To structure that enquiry, the court referred to the factors listed in section 7(1) of the Children’s Act, highlighting that the matter engaged issues of parental responsibilities and rights concerning care, contact, and schooling, and that the dispute was materially connected to the child’s well-being within a home environment characterised by conflict. The court also referred to section 18(1) of the Children’s Act in identifying the parental responsibilities and rights that include caring for the child, maintaining contact, acting as guardian, and contributing to maintenance.


In addressing procedural objections, the court emphasised that in matters involving children the court sits as upper guardian, and that it may consider information relevant to best interests even where legal technicalities would ordinarily restrict the reception of such information. In that context, it relied on authority recognising wide powers and the principle that legal niceties should not frustrate the determination of a child’s best interests. This informed the court’s approach to condoning the respondent’s procedural shortcomings and proceeding to determine the matter substantively rather than on technical grounds.


On the merits, the court attached significant weight to the two expert reports.
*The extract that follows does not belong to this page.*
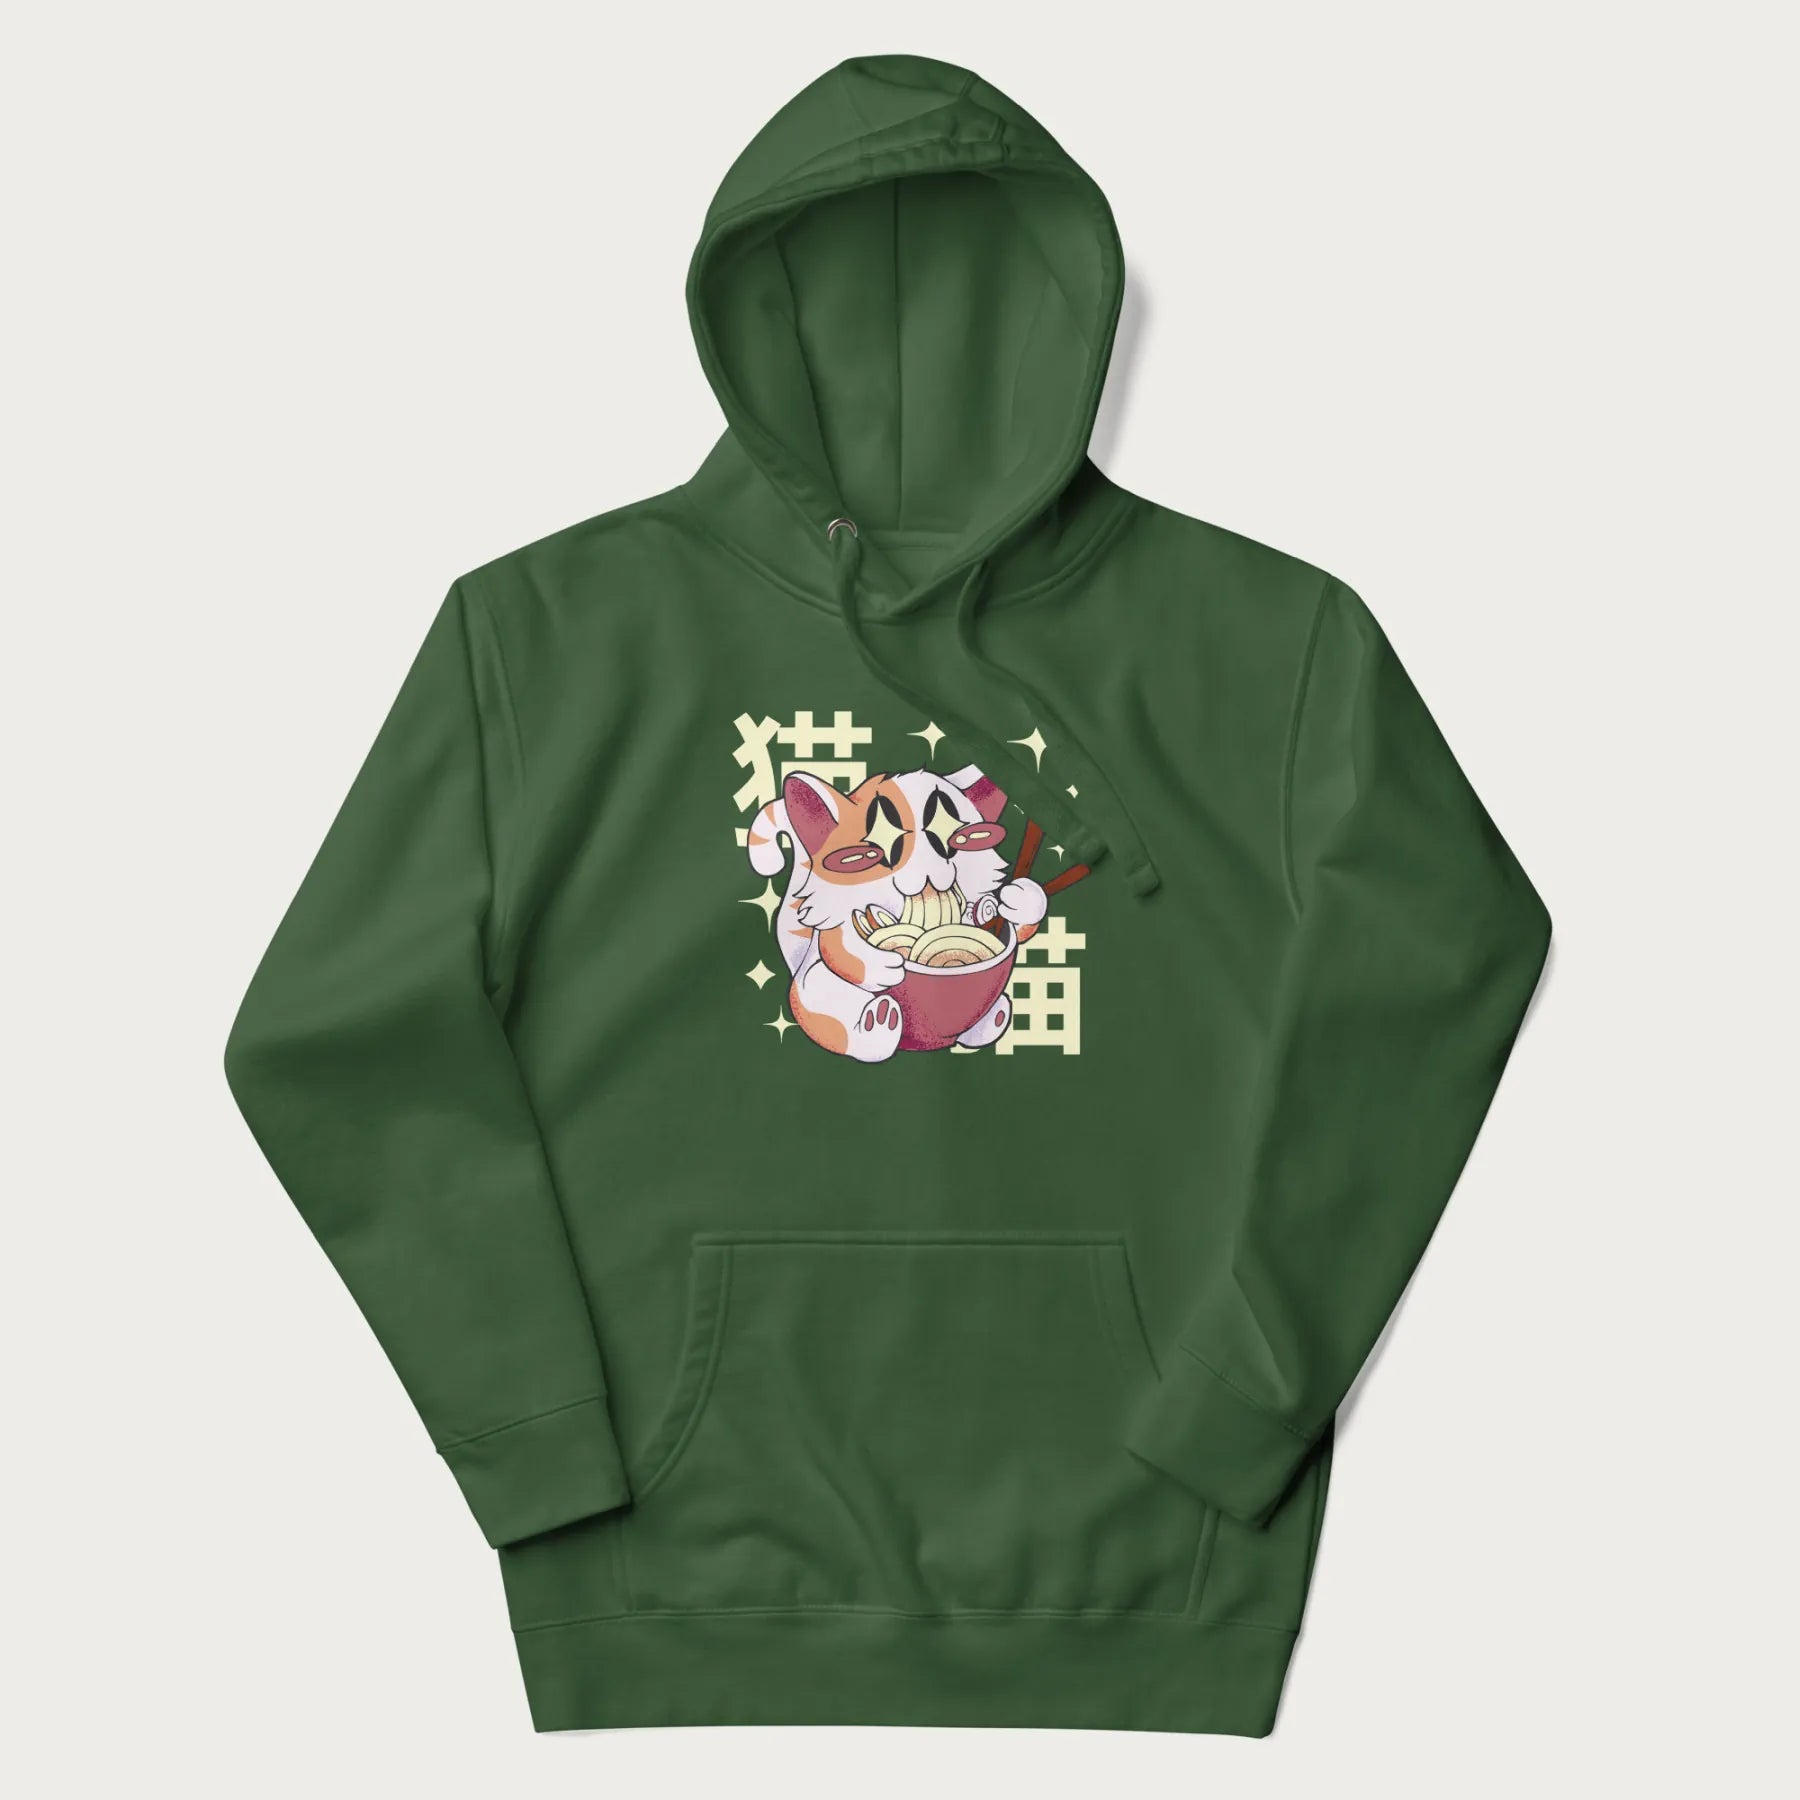 Forest green hoodie with Japanese graphic of a cat eating ramen with Japanese text '猫' in the background.

Dr Fabbro’s report was treated as establishing that, in the child’s circumstances, a regime should be designed to support psychological health and constructive relationships with both parents, but within a context where there were serious parental issues and where the child reported fear and anxiety towards the respondent arising from physical aggression. The court noted the expert’s classification of the respondent’s conduct (as reported) as child abuse and illegal, and treated that as directly relevant to the statutory best-interests factors, including the need to protect the child from physical and psychological harm and from exposure to violence or harmful behaviour.


The educational psychologist’s findings reinforced the court’s view that the home environment was not conducive to the child’s stability and emotional well-being, given the lack of warmth and experiences of intimidation. On that evidentiary footing, the court concluded that no basis had been established to reject the experts’ opinions and recommendations.


The court then considered the child’s own expressed preference, as communicated directly to the court, and treated it as supportive of the experts’ recommendations. The child indicated a preference to remain at the KwaZulu-Natal boarding school because it met his educational needs. The court weighed this preference together with the expert evidence about the home environment and the statutory framework requiring a stable and protective environment.


In the result, the court concluded that the child’s best interests were served by remaining at the current boarding school in KwaZulu-Natal, with primary residence continuing to vest in the applicant, while also crafting a structured contact regime, including supervised contact for the respondent and therapeutic interventions aimed at addressing emotional and behavioural difficulties and repairing relationships where appropriate. The court’s orders also included facilitative mechanisms aimed at reducing future conflict, including the availability of a parenting coordinator.


Outcome and Relief


The court granted final relief substantially aligned with the experts’ recommendations. It ordered that the minor child’s primary residency would continue to vest with the applicant on condition that the child continue attending boarding school at Michaelhouse (KwaZulu-Natal) and that the child’s secondary schooling should continue in a similar boarding arrangement at a suitable facility.


The court regulated contact by providing that the applicant would have contact consisting of half of every school holiday and reasonable telephonic and electronic communication in accordance with the rules of the school. The respondent was granted supervised contact, including reasonable telephonic and electronic communication, and supervised in-person contact for at least one week and at most two weeks of the school holidays, with no sleepover contact until an expert recommended otherwise. The respondent was made liable for the costs (if any) associated with supervised contact. The order permitted flexibility in scheduling and contemplated that arrangements could be revisited following a further assessment of the child’s best interests at an appropriate time.


The court further ordered that either party could appoint a parenting coordinator to assist with resolving disputes and implementing parenting and contact arrangements, and directed that both parties participate. It also ordered that the minor child should commence and/or continue psychotherapy, and that both parents should attend parental counselling, each bearing their own costs in that respect.


As to costs of the application, the court ordered that each party is liable for his or her own costs.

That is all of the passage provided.